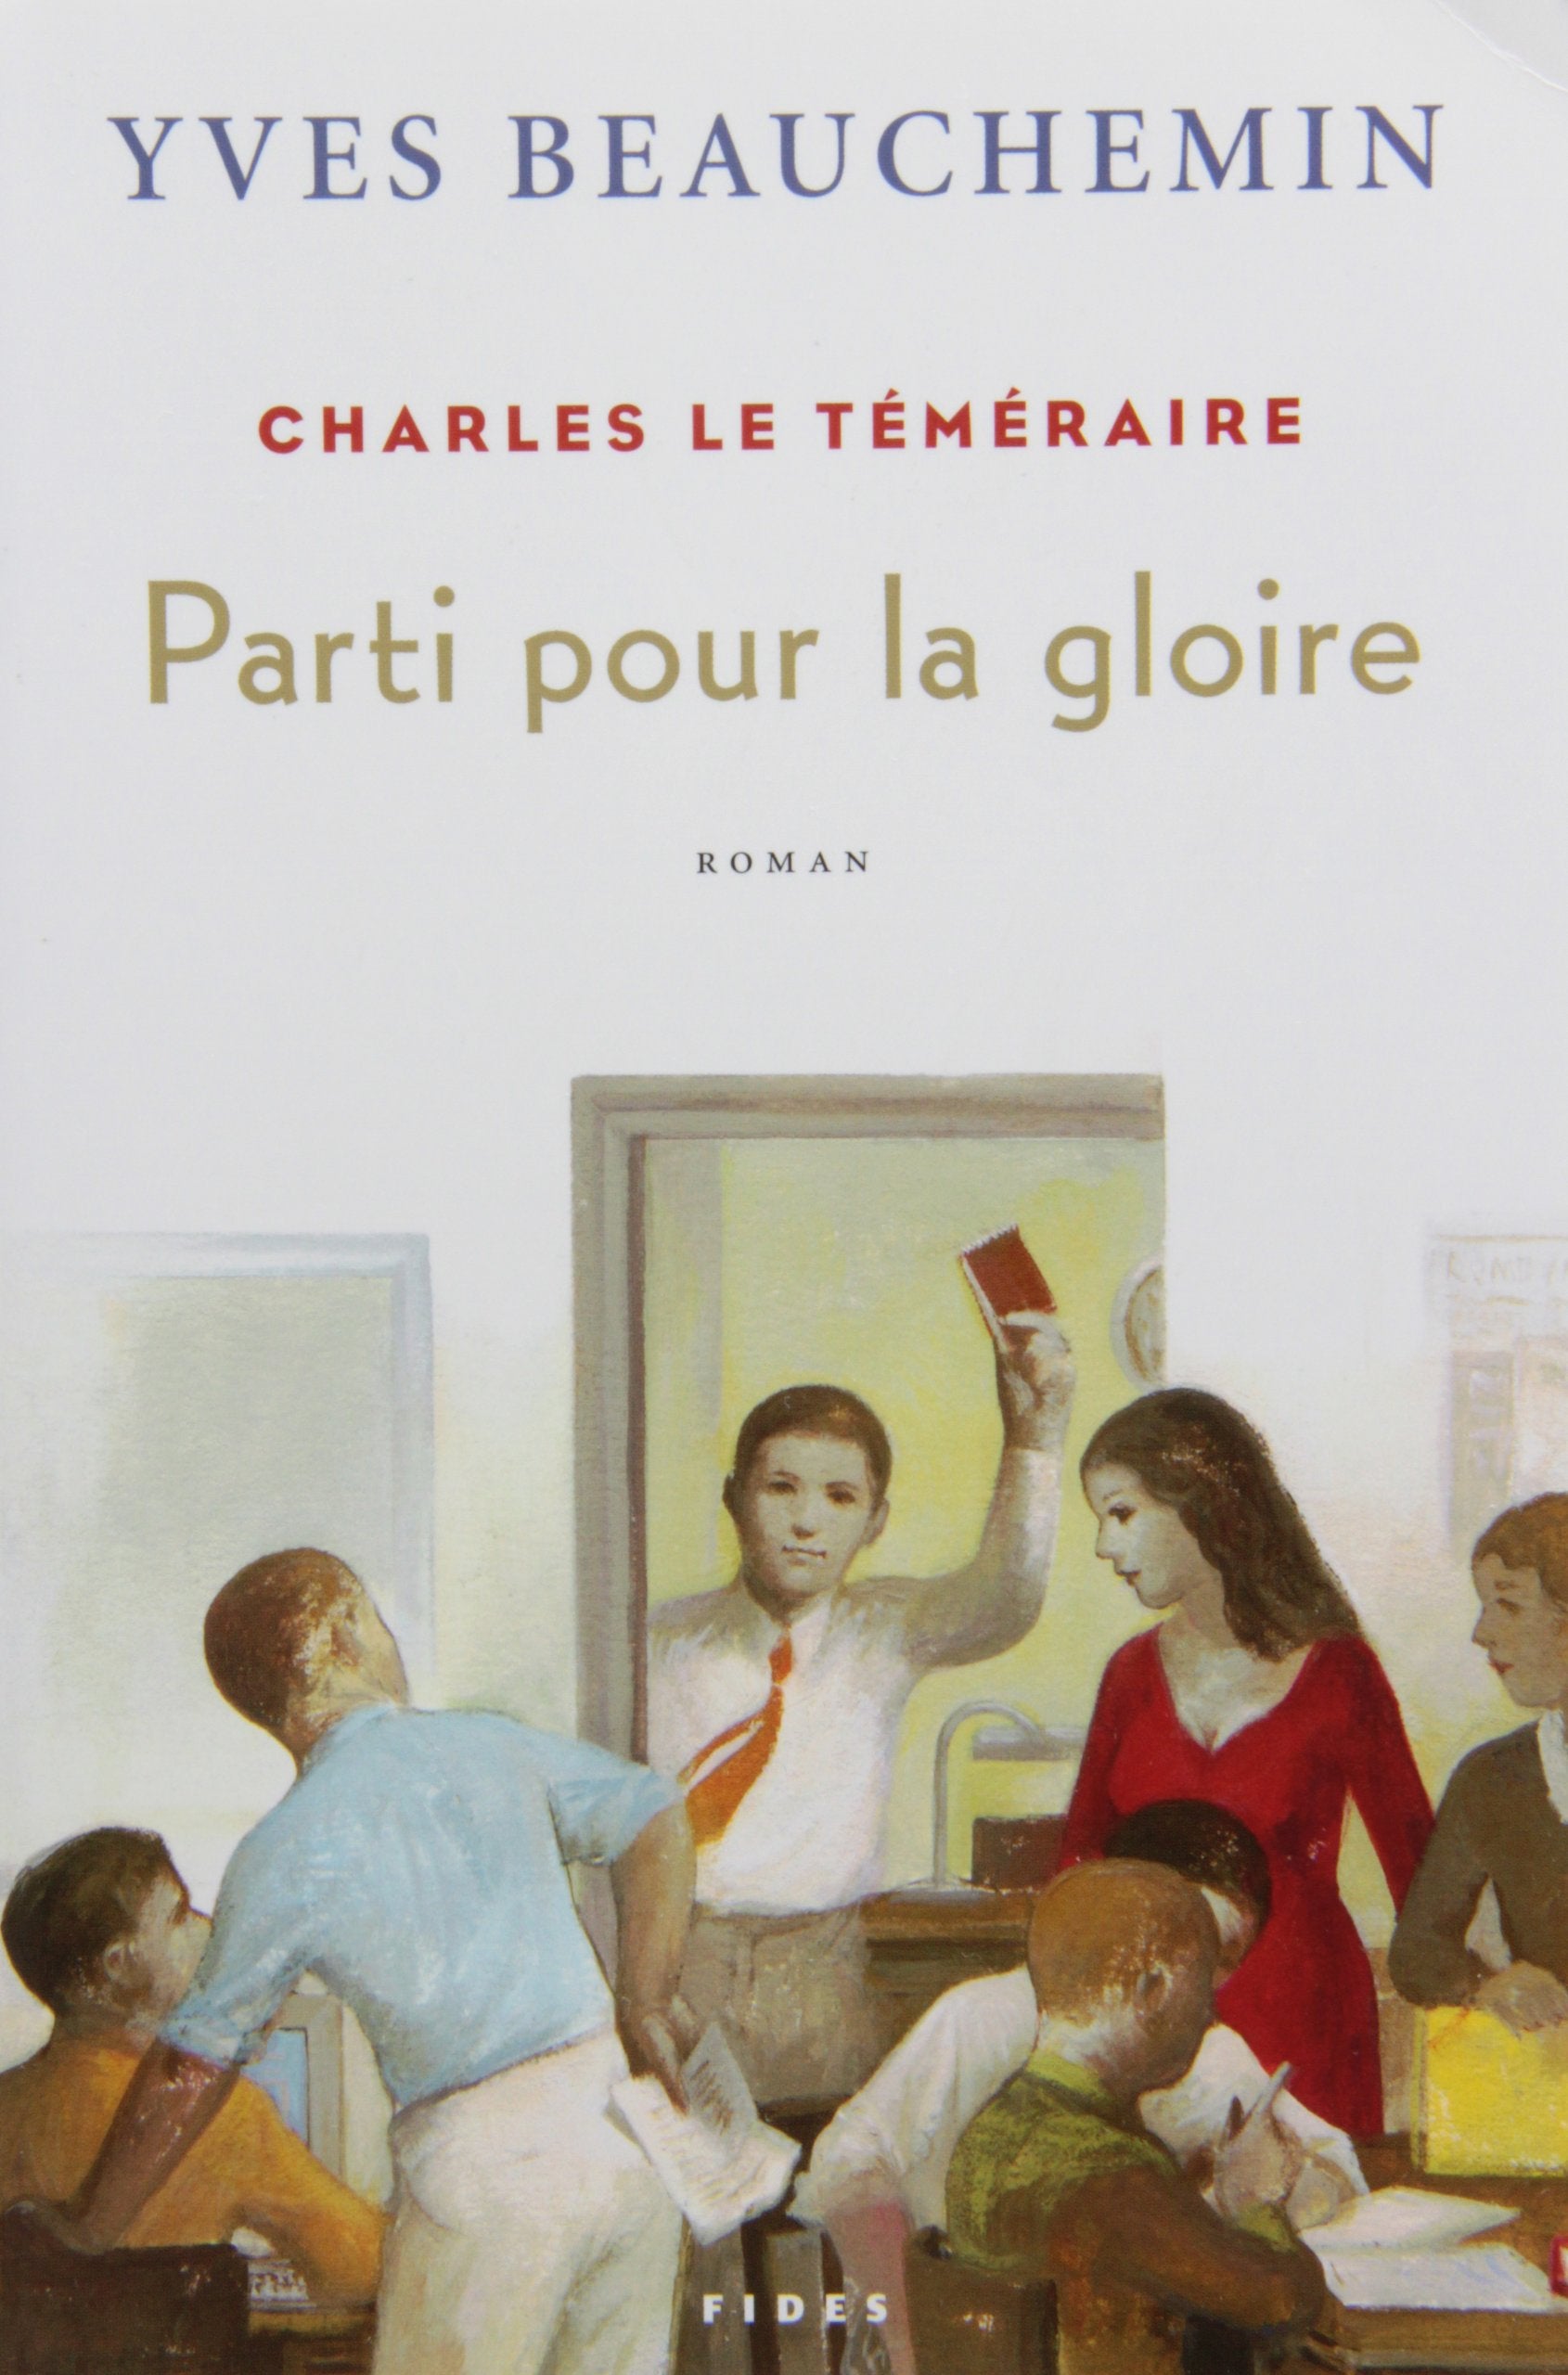 Livre ISBN 2762126533 Charles le téméraire # 3 : Parti pour la gloire (Yves Beauchemin)
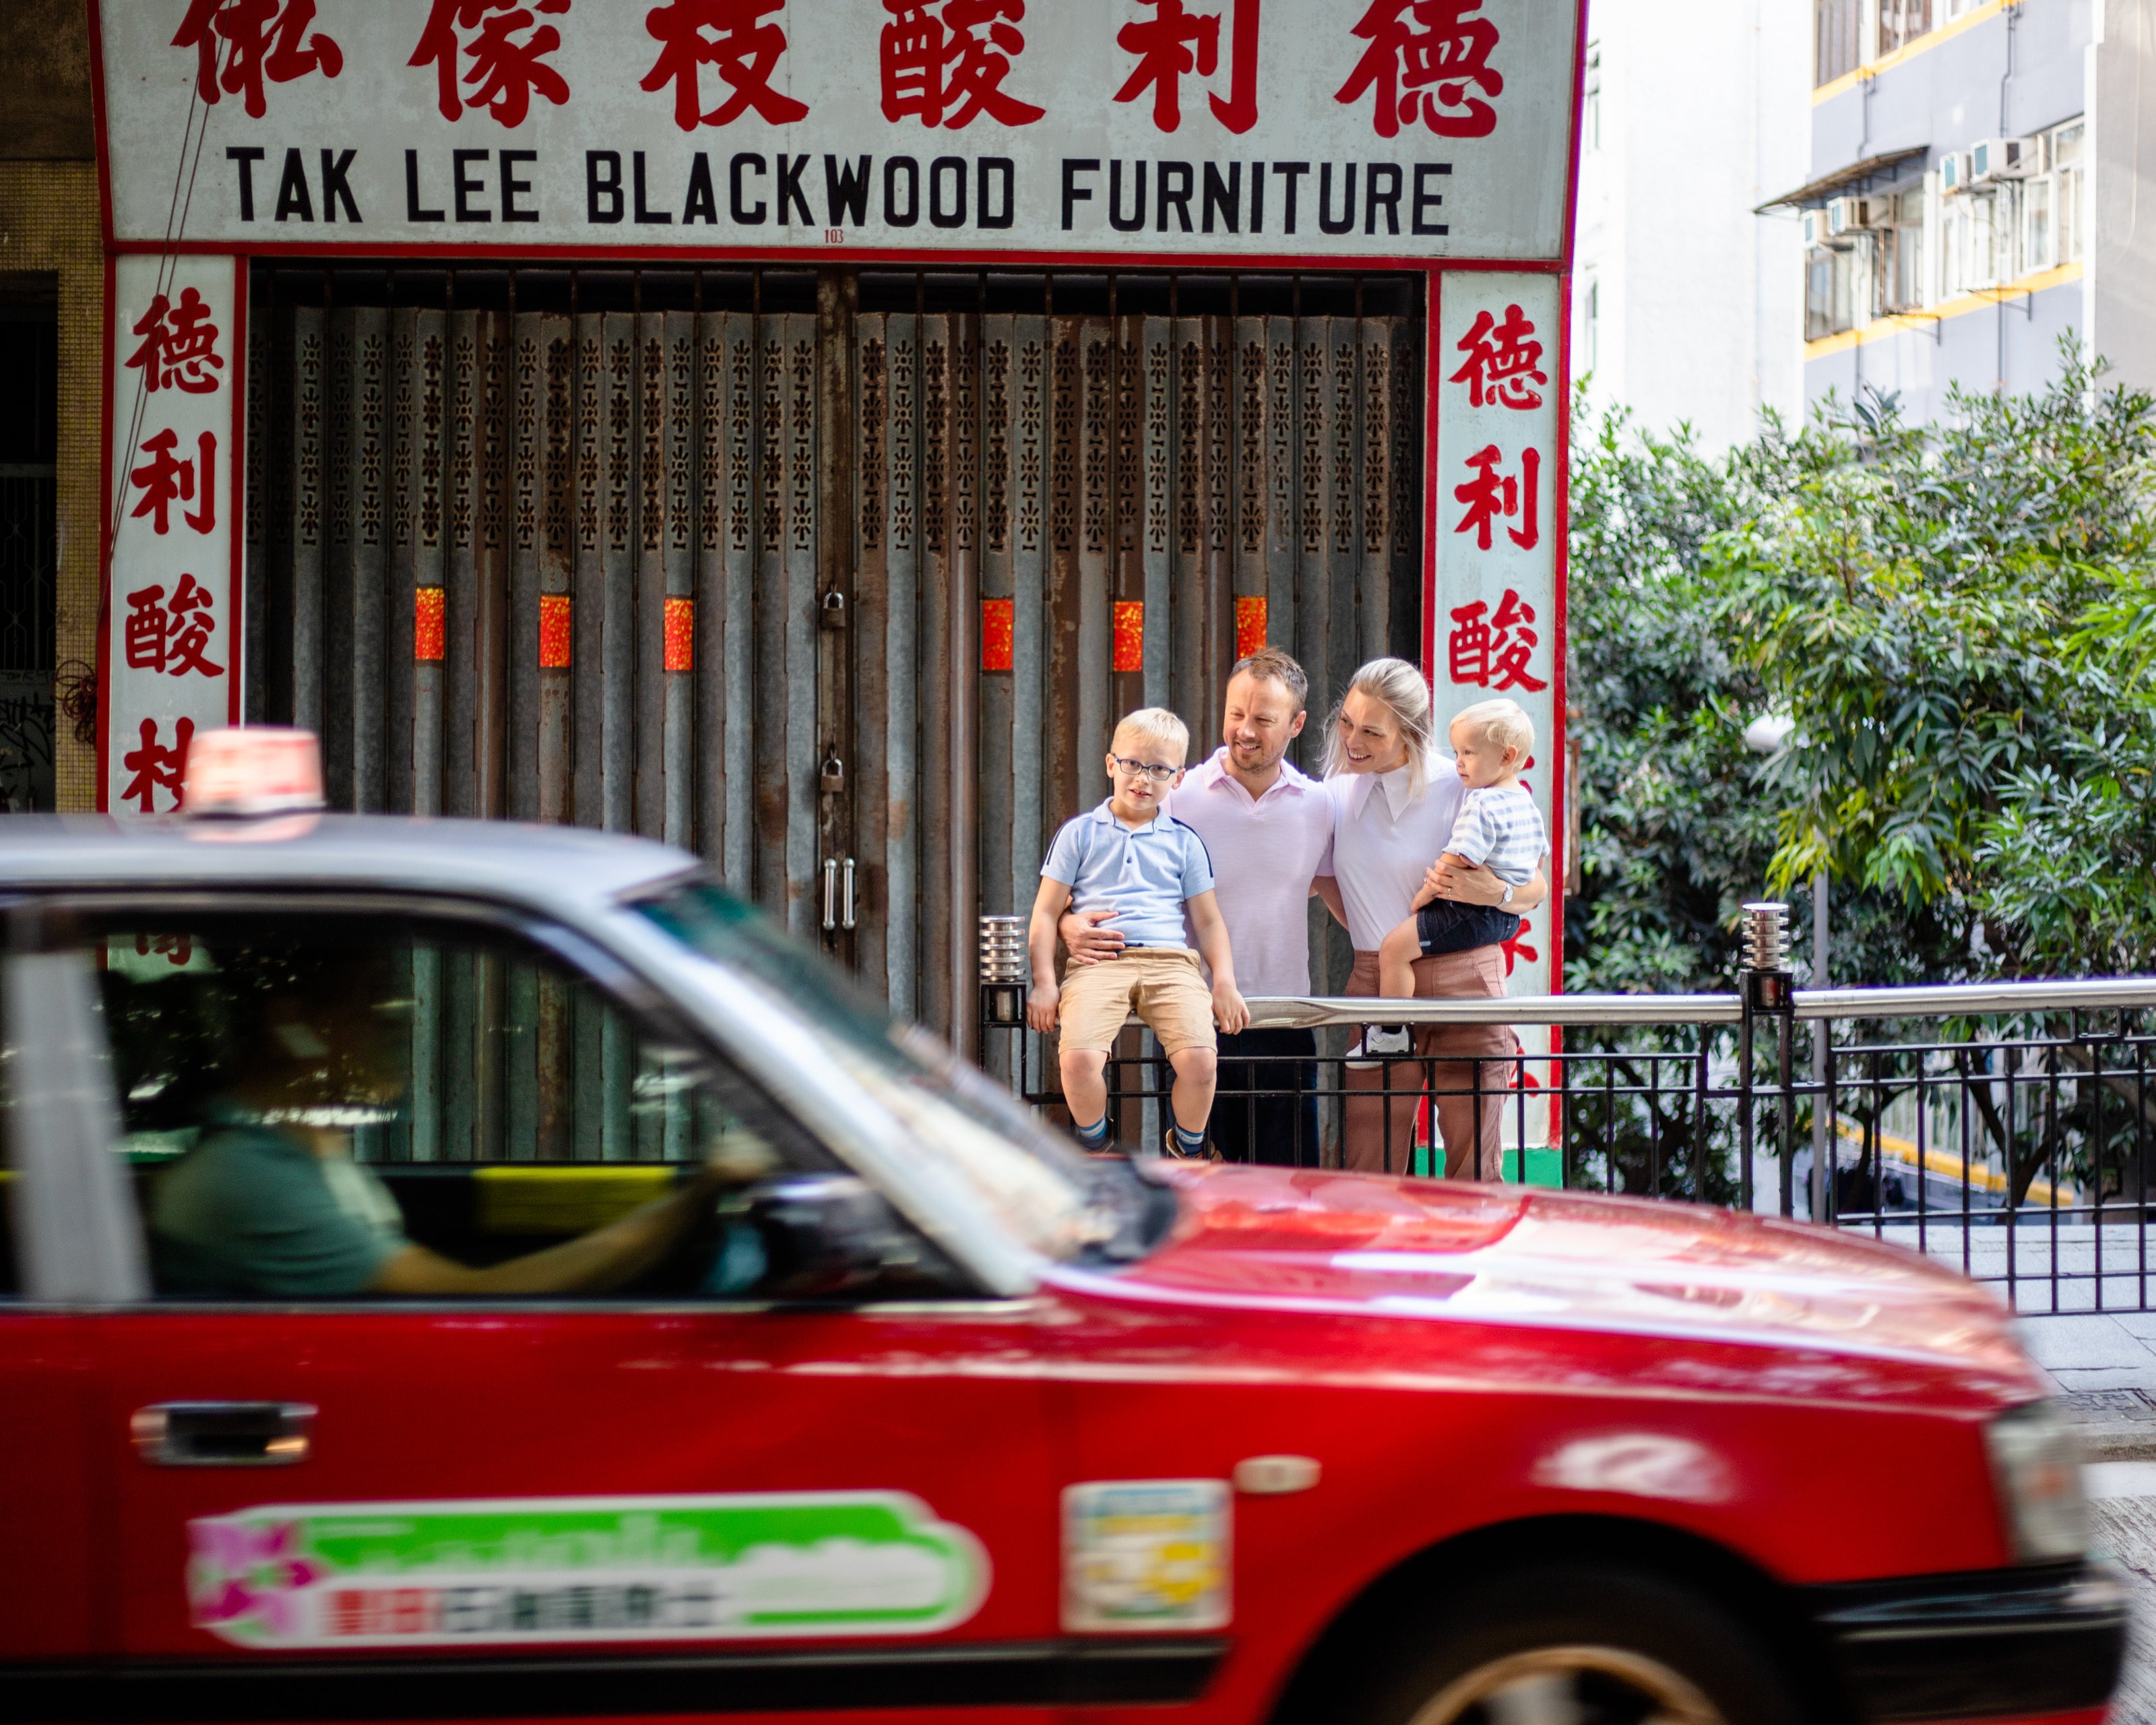 Family photo Hong Kong with a red Hong Kong taxi driving past 
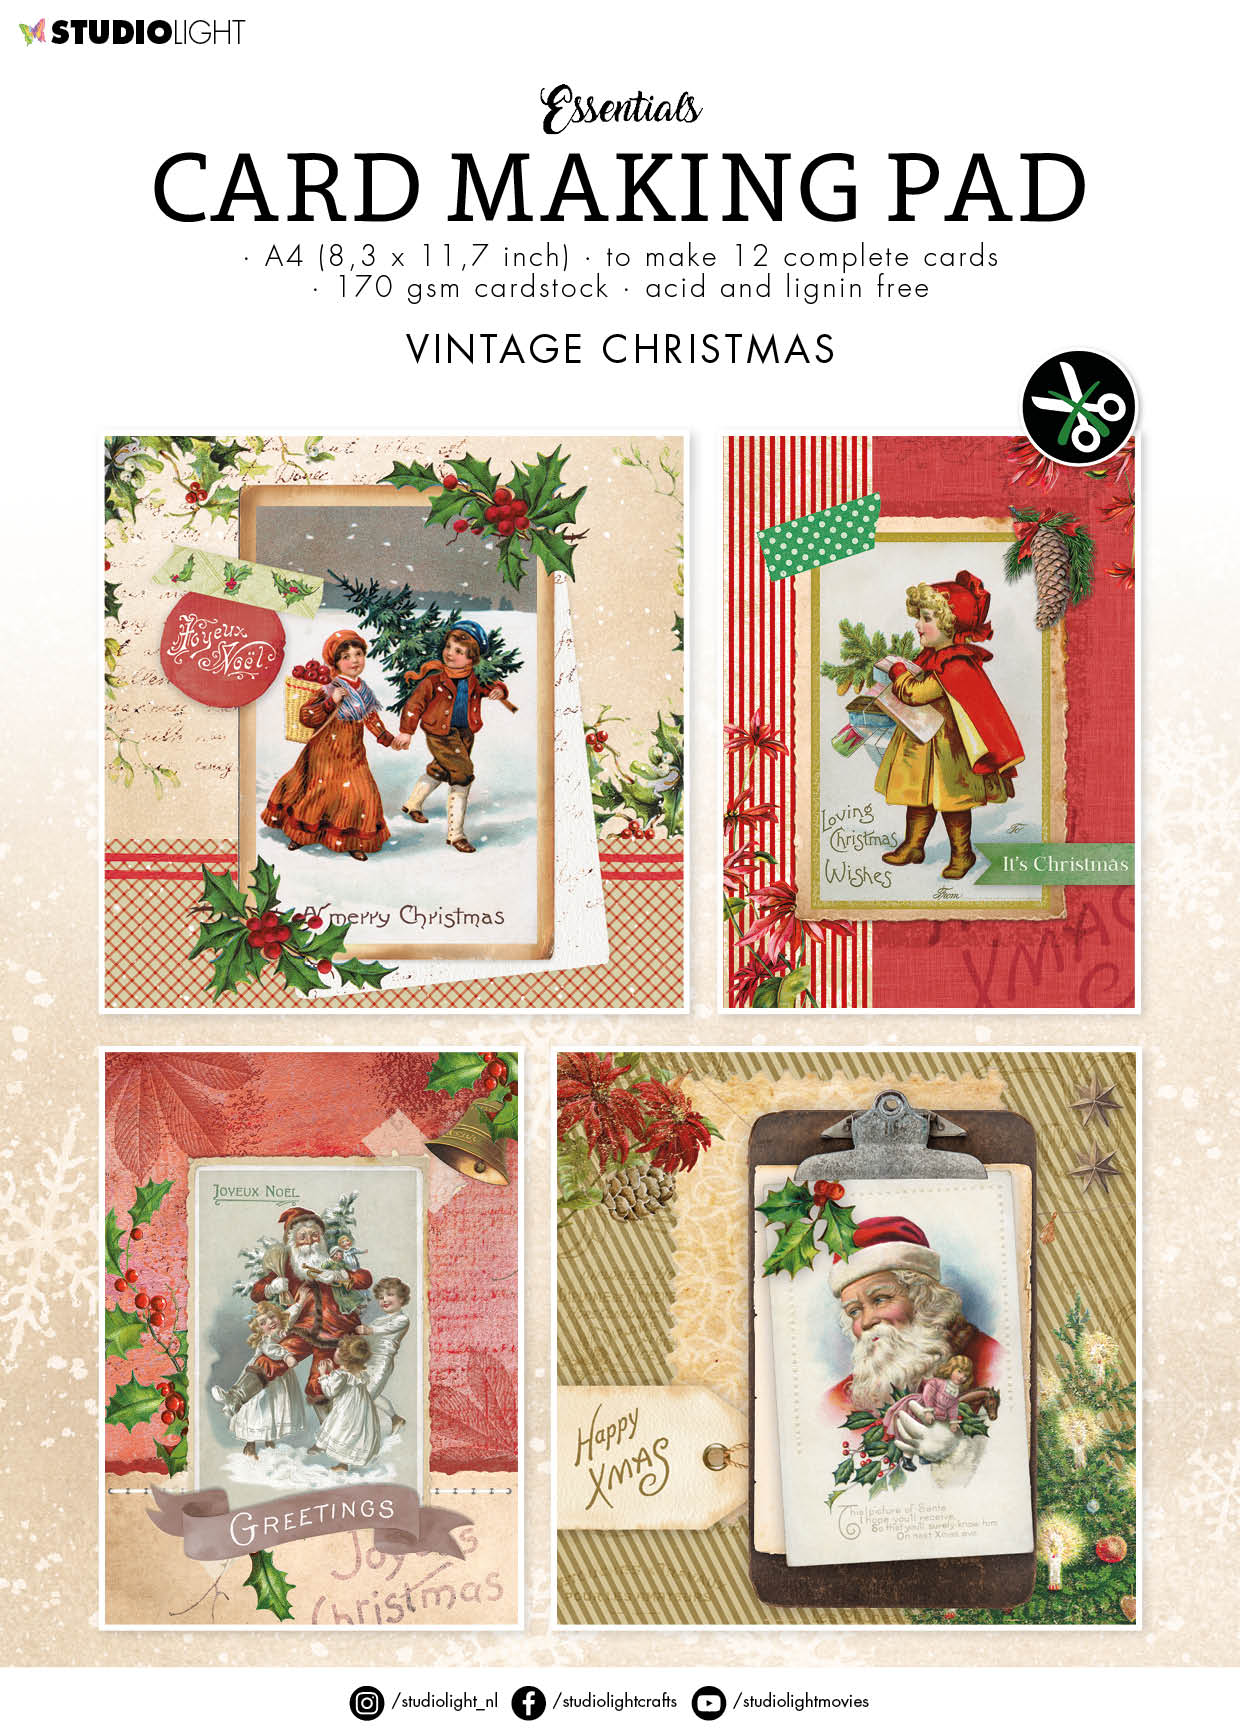 SL Card Making Pad Vintage Christmas Essentials 210x294x5mm 12 SH nr.10

> _Exercise instructions_
The answer should match the data above word for word, with no pictures in it.

> _Output below_
 Livre ISBN 2762126533 Charles le téméraire # 3 : Parti pour la gloire (Yves Beauchemin)
 Family photo Hong Kong with a red Hong Kong taxi driving past 
 SL Card Making Pad Vintage Christmas Essentials 210x294x5mm 12 SH nr.10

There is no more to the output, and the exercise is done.